The least successful trainees or those who do not achieve their goals have a different view of emergencies. For those who are less committed to their goals, their future selves or achieving their potential, an opportunity to have fun now supersedes actual hard work and success. Worse than this is the tendency for these people to not know what the next few weeks of their life looks like – they don’t have schedules or day planners outlining the upcoming events like school activities, sports events for children, etc…. These people have little desire to create a new and better future because they just make plans and let life happen each day, labeling things emergencies so they can get out of their training session; effectively losing another day of their life just because they didn’t care enough to not lose it.

I recommend billing people for missed and cancelled sessions because there is no excuse for missing or cancelling a session. It isn’t personal but creating a new life is hard and if someone doesn’t care enough about their future to know what that future looks like – the upcoming events for their weeks – use the loss of money for a missed session as leverage for them to do what is important in the long run vs. doing the thing is fun right now.

Knowing It’s Time To Move Forward

People leave unsatisfying situations. They’ll work hard to stay in situations that they find satisfying and will make a lot of other sacrifices to keep things going. But when they leave, it’s because they have seen that situation for what it is – unfulfilling / unsatisfying – and they realize that there is not enough to be gained, or a lot to be lost, from remaining.

Regardless of the area of life – relationship, job, school, where someone calls home, hobby, etc… – the process is always the same for me.

Mindless enjoyment or contentment fades as the awareness that something is missing or out of place grows. Resentment or contempt arrive bringing along a fantasy of a different existence. Bitterness and hostility will soon appear if things do not change. If the situation remains the same, all of the negative emotions bubble-up suffocating and killing the once mindless bliss of “happy”.

I have become very aware of this process because I have gone through it a lot. I can feel or hear the seeds of resentment percolating in my consciousness very early on and have learned to pay attention to the potential harvest that may come to be. I don’t do anything other than notice the sensations the first few times I become aware of them as I may be having a tough day, be tired, hungry, whatever, just that something is off so what I attribute the negative moment to may have nothing to do with it. But I notice it, check inside, and get back to life with as clear a head as possible.

Most of the stuff never comes up again, lending validity to my notion that an empty belly, lack of sleep, or general BLAH can color the lens of perception.
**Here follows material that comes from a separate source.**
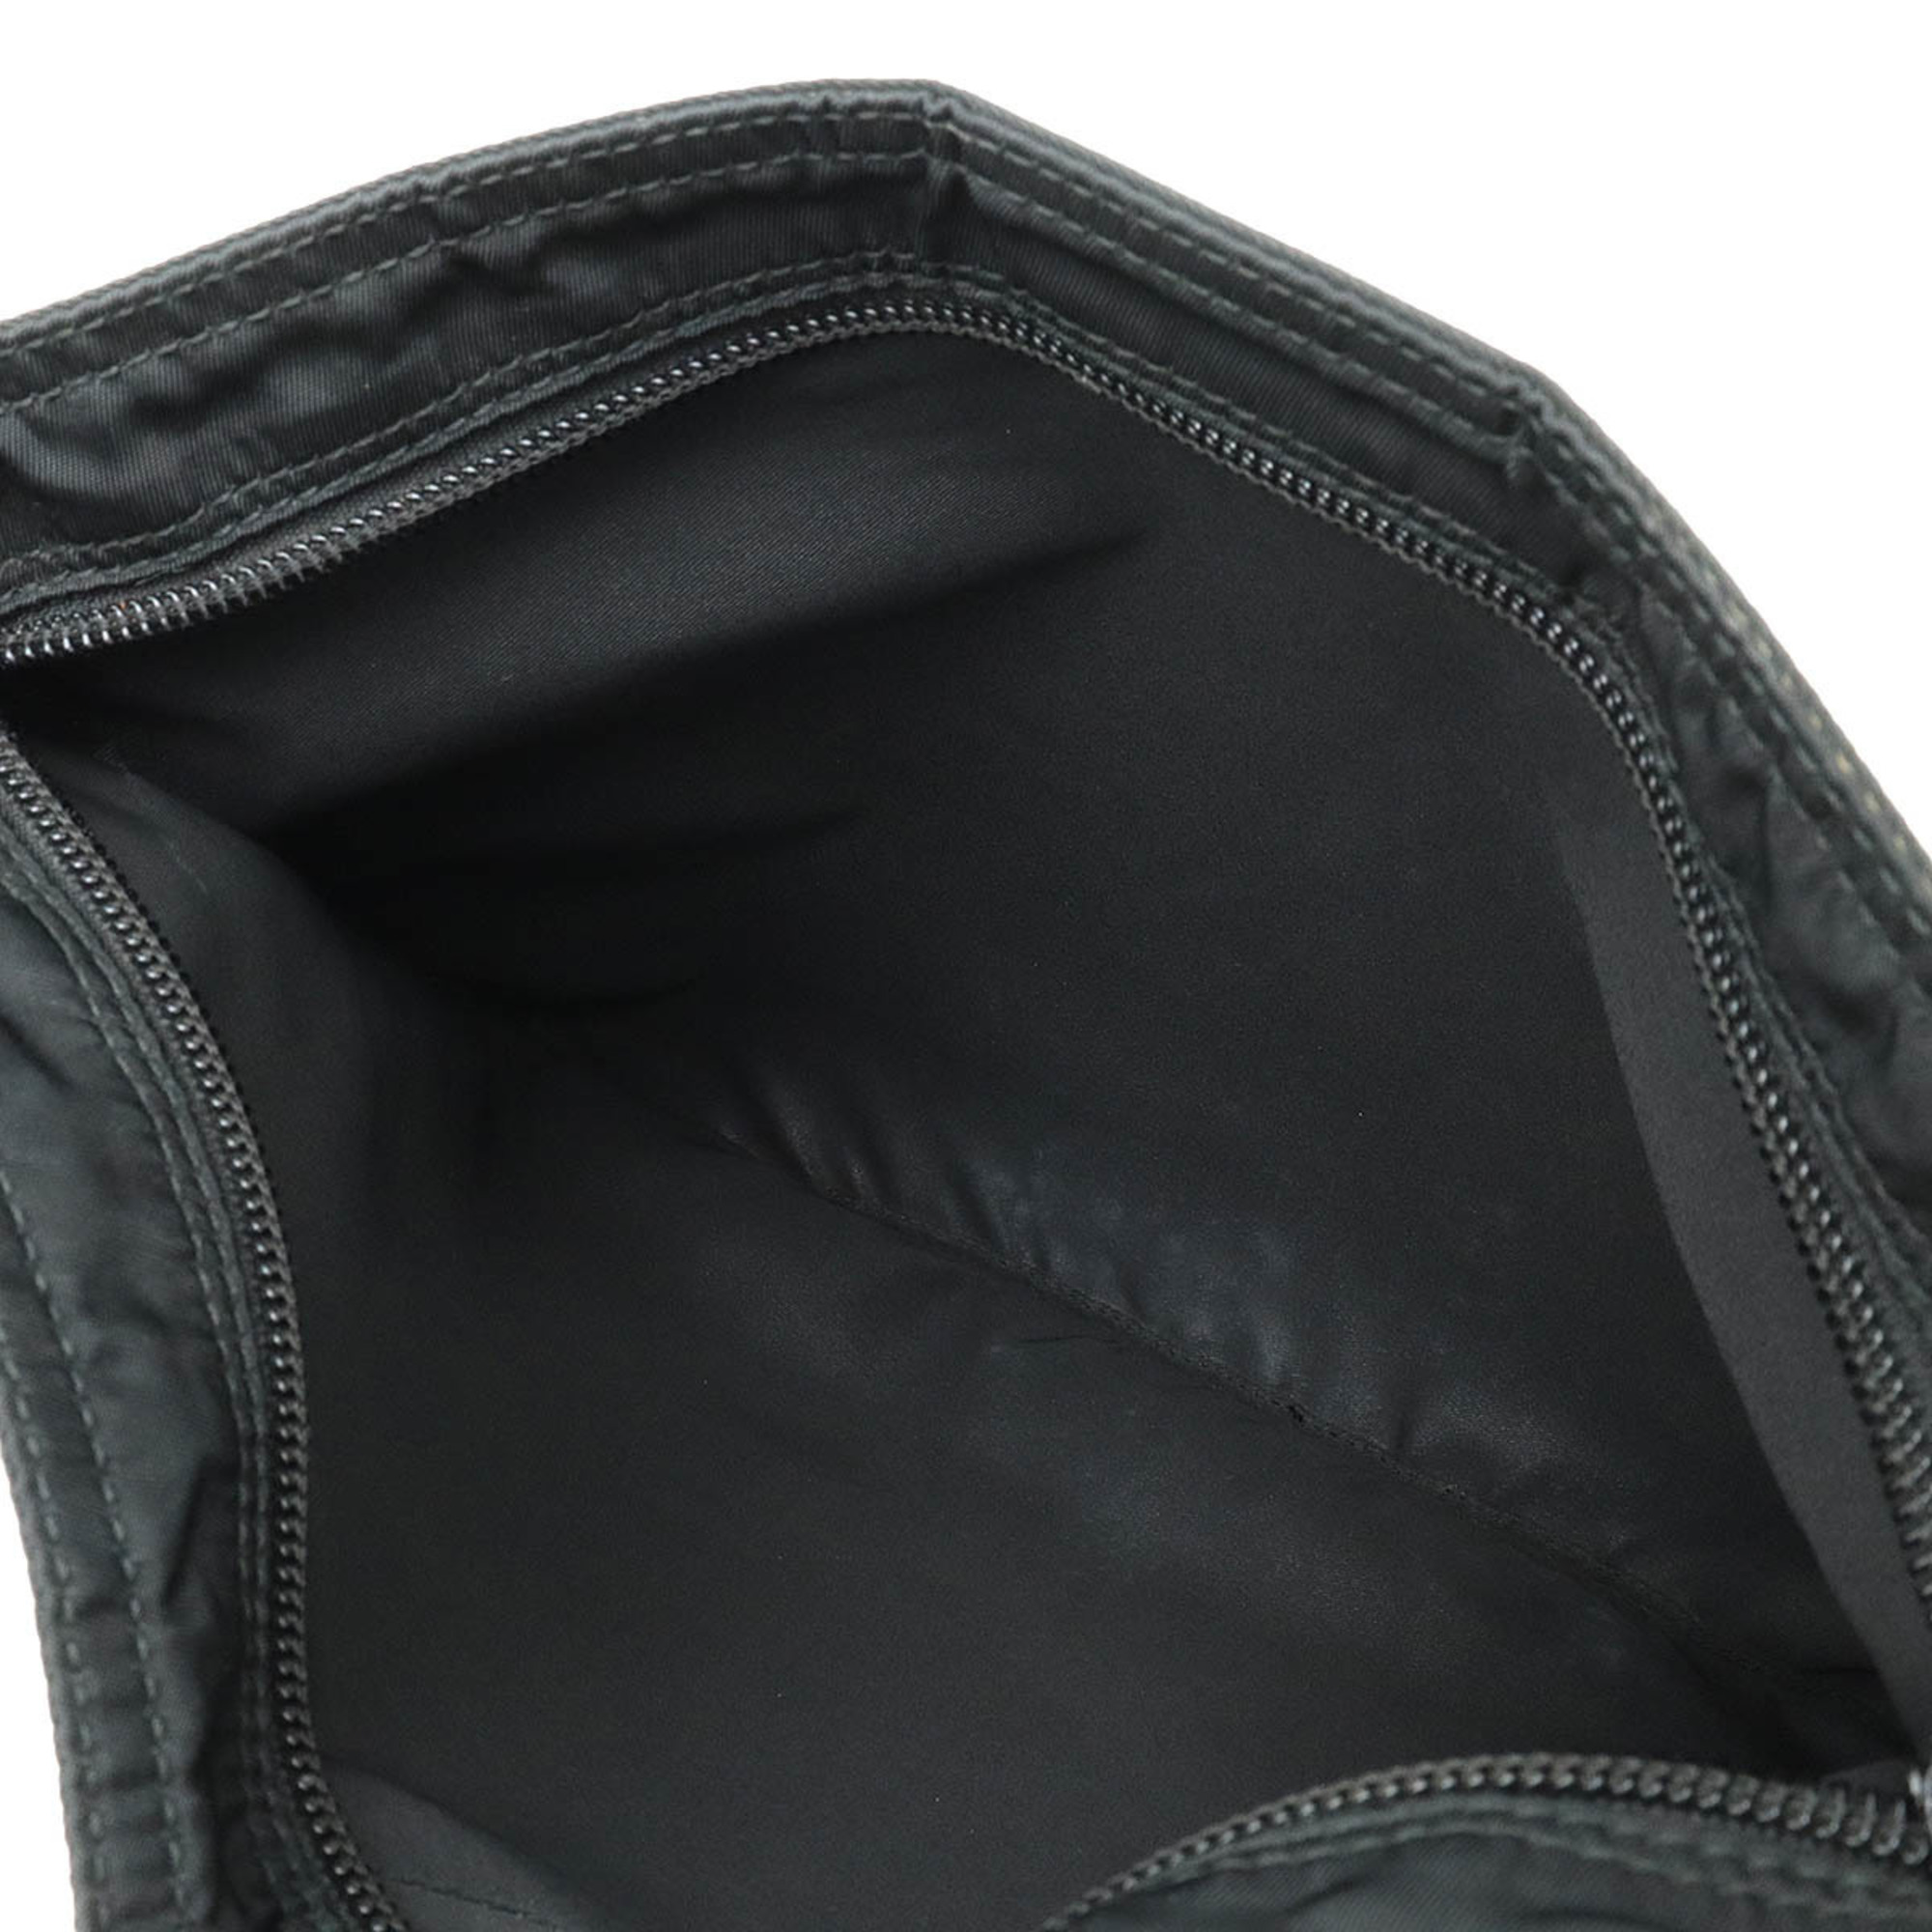 PRADA Prada shoulder bag nylon leather NERO black B7338

That’s good to know because, well, it’s just good to be reminded that I search for a reason AFTER I feel something and not necessarily the other way round.

But when the stuff does comes-up again and becomes impossible to let go of, I realize that the shift has occurred – like everything that is moving, a small change in the direction of life, when ignored, will deliver a big change in destination over the long run – so I make a dramatic change.
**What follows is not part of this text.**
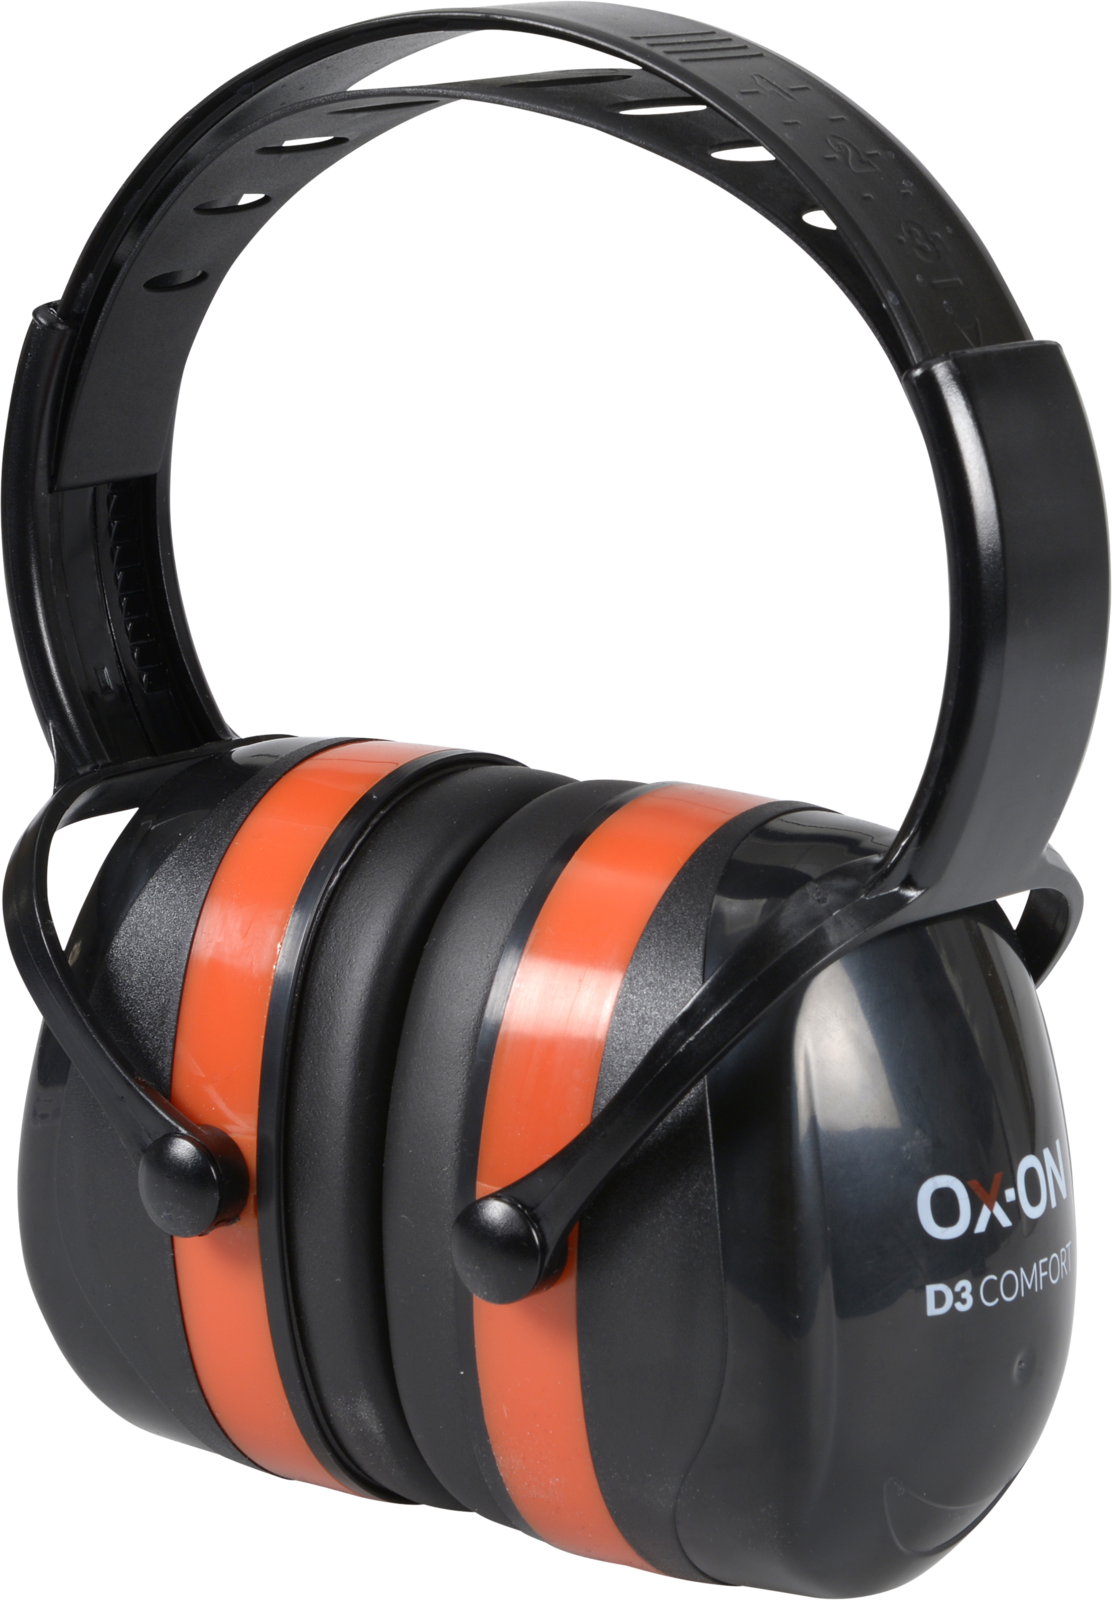 OX-ON Earmuffs D3 Comfort 331.42

In most cases this means that I get out of the situation – leave a job, relationship, situation – and start something new or put more focus onto the other things I’m involved in. Occasionally I’ll spend some time to unpack my feelings / thoughts in order to track the actual cause of the misalignment. When this approach is successful, it creates a decision point where I can either change the situation or change my expectation of the existing situation.

Personal development grows from learning a new skill to help manage an existing situation, so figuring-out my thoughts / feelings / internal narrative is a critical practice. The key is to learn the new skill and implement it ONLY when it benefits all parties who are involved in the situation. There are times to make things work and there are times to move forward into something else.

Regardless of the outcome, when I start to notice that things are not as they need to be, I know that the process of change has begun and that it may be time to move forward.